Here's a paper from MIT that covers how this could be resolved in an interesting fashion:

https://hanlab.mit.edu/blog/streamingllm

The AI field is reusing existing CS concepts for AI that we never had hardware for, and now these people are learning how applied Software Engineering can make their theoretical models more efficient. It's kind of funny, I've seen this in tech over and over. People discover new thing, then optimize using known thing.

▲

kridsdale3 3 days ago | parent | next [-]

The fact that this is happening is where the tremendous opportunity to make money as an experienced Software Engineer currently lies.

For instance, a year or two ago, the AI people discovered "cache". Imagine how many millions the people who implemented it earned for that one.
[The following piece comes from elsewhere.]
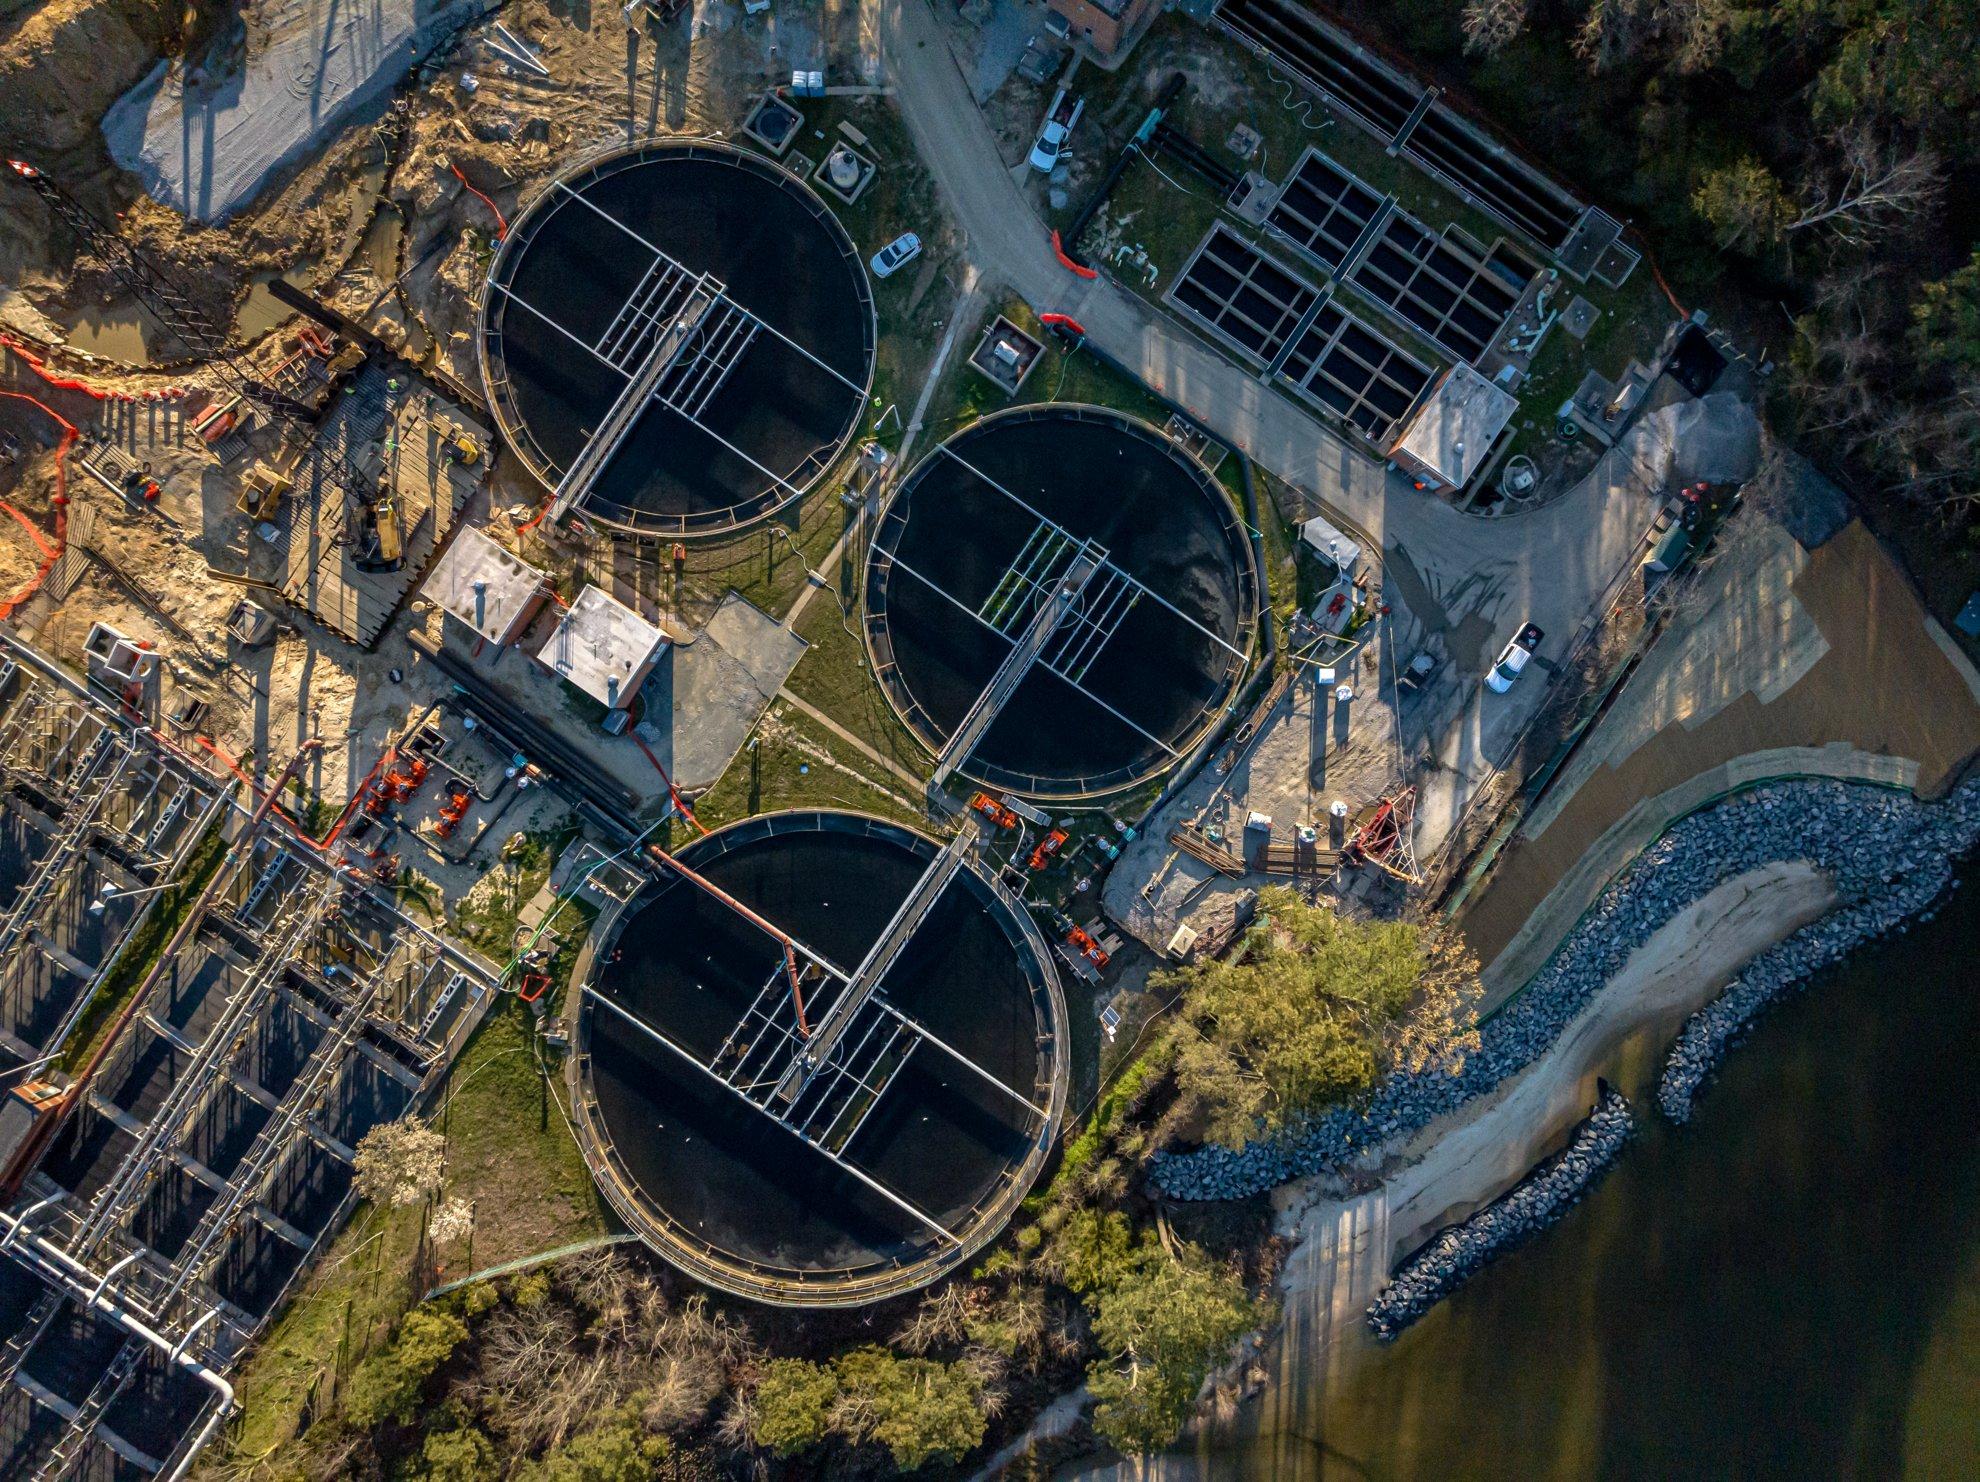 View from above of three reservoirs at a water treatment plant.

	▲	nxobject 6 hours ago \| parent \| next [-]
		What we need are "idea dice" or "concept dice" for CS – each side could have a vague architectural nudge like "parallelize", "interpret", "precompute", "predict and unwind", "declarative"...
	▲	giancarlostoro 3 days ago \| parent \| prev [-]
		I've been thinking the same, and its things that you don't need some crazy ML degree to know how to do... A lot of the algorithms are known... for a while now... Milk it while you can.

▲

mamp 3 days ago | parent | prev [-]

Unfortunately, I think the context rot paper [1] found that the performance degradation when context increased still occurred in models using attention sinks.

1. https://research.trychroma.com/context-rot

	▲	giancarlostoro 3 days ago \| parent [-]
		Saw that paper have not had a chance to read it yet, are there other techniques that help then? I assume theres a few different ones used.